> [Assignment]:
Only the lines from the one holding "Calla Lily (DE" through the end of the material are to be repeated, exactly and without pictures.

> [Collected data]:

::::

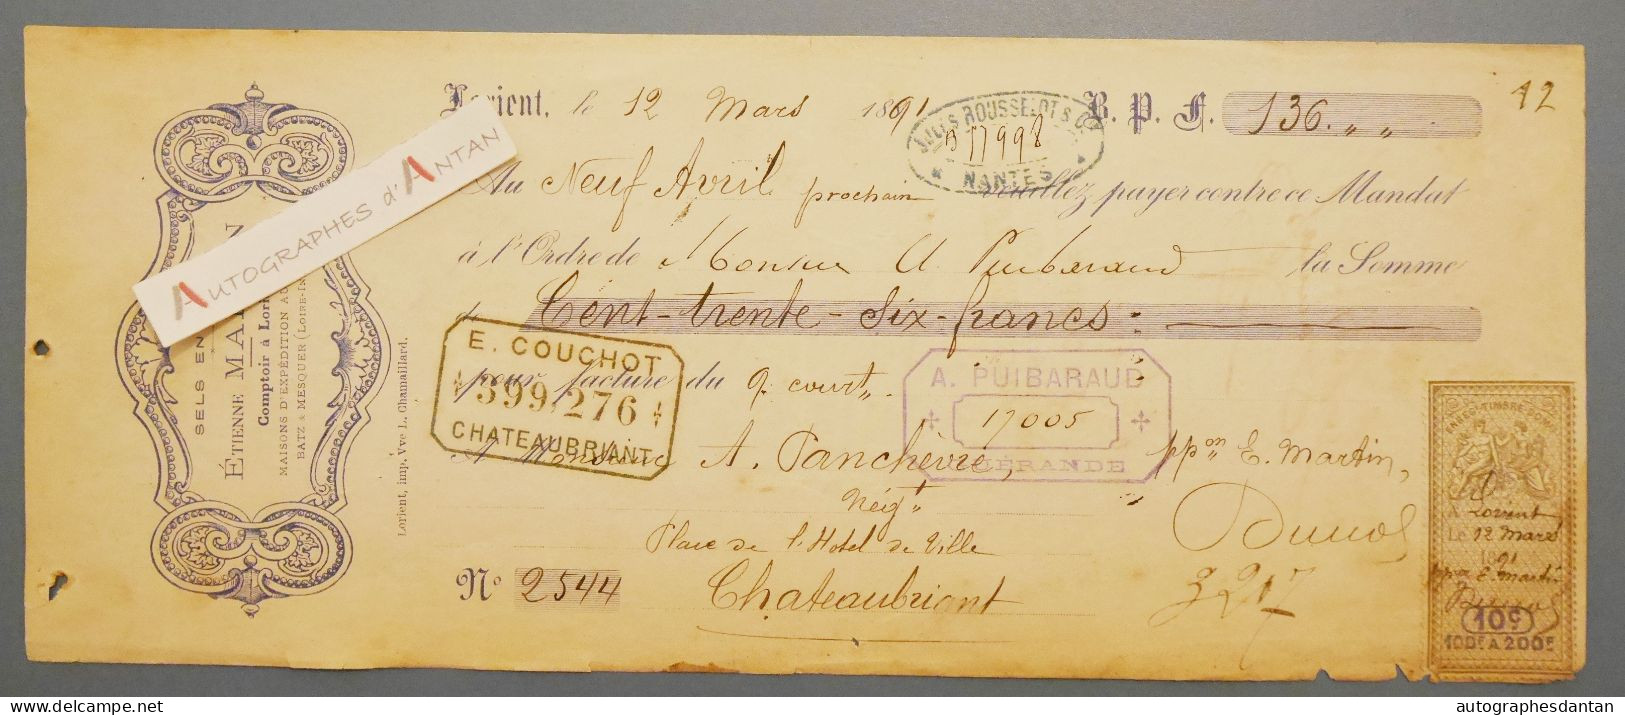 ● Lorient 1891 Etienne MARTIN Sels En Gros - Panchevre Négociant à Chateaubriant - Rare Mandat Lettre De Change - Bills Of Exchange
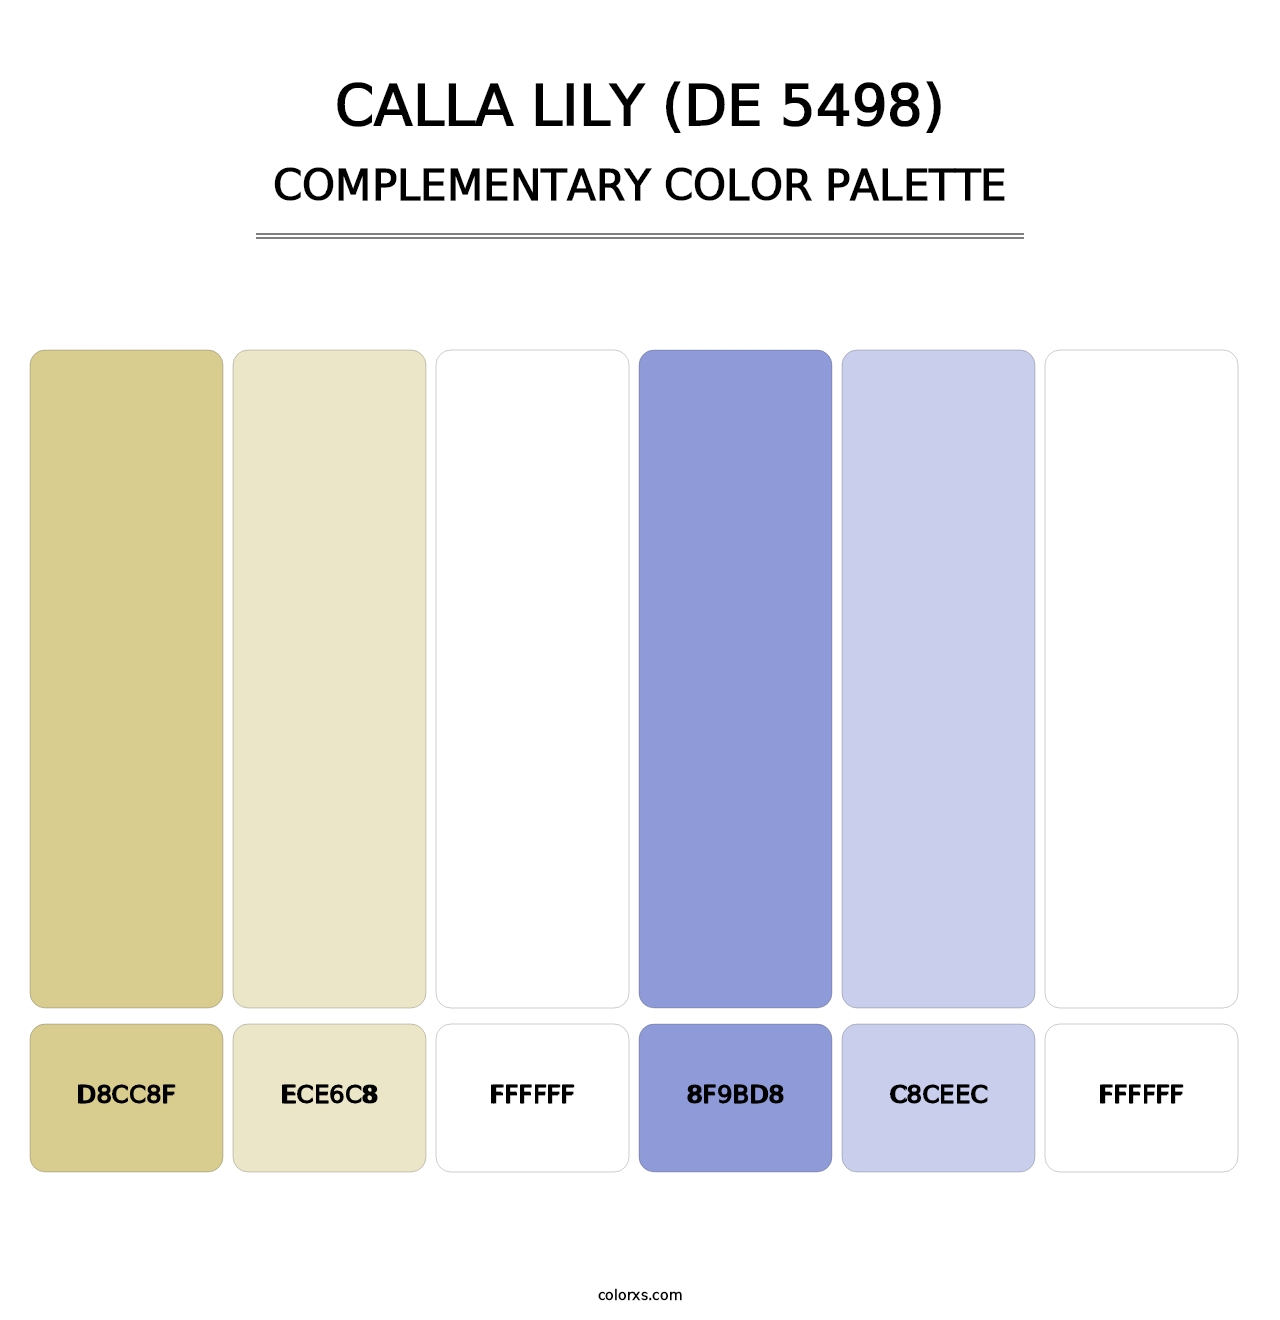 Calla Lily (DE 5498) - Complementary Color Palette
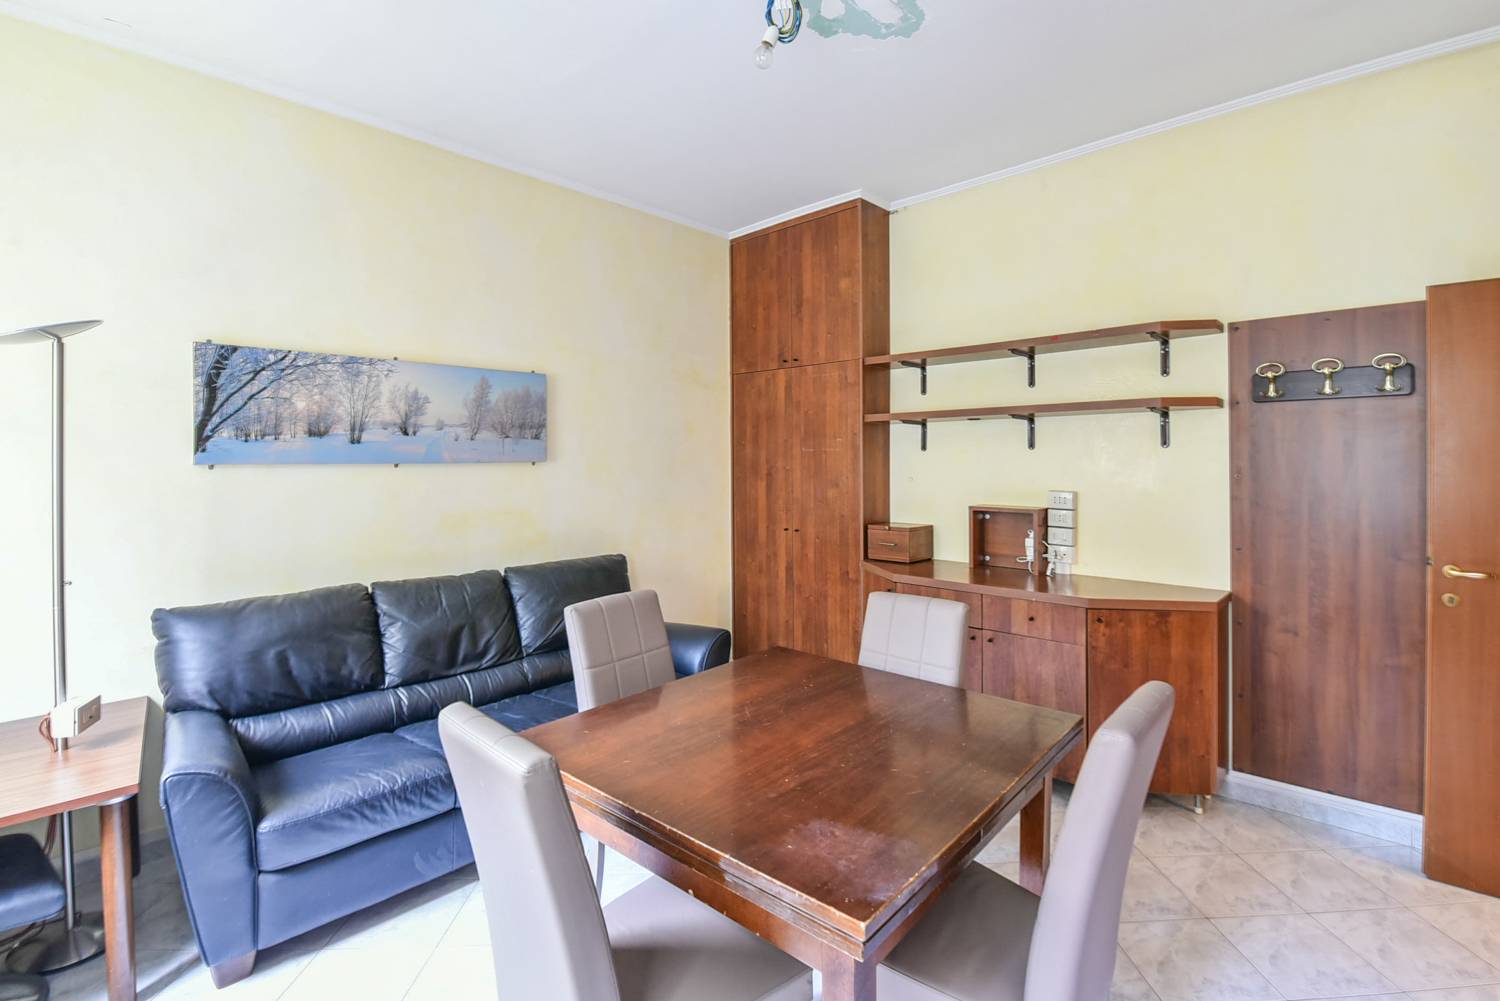 Appartamento in vendita a Malnate, 3 locali, zona Località: Centro, prezzo € 75.000 | PortaleAgenzieImmobiliari.it

::::

> [Output]:
 Calla Lily (DE 5498) - Complementary Color Palette
 Appartamento in vendita a Malnate, 3 locali, zona Località: Centro, prezzo € 75.000 | PortaleAgenzieImmobiliari.it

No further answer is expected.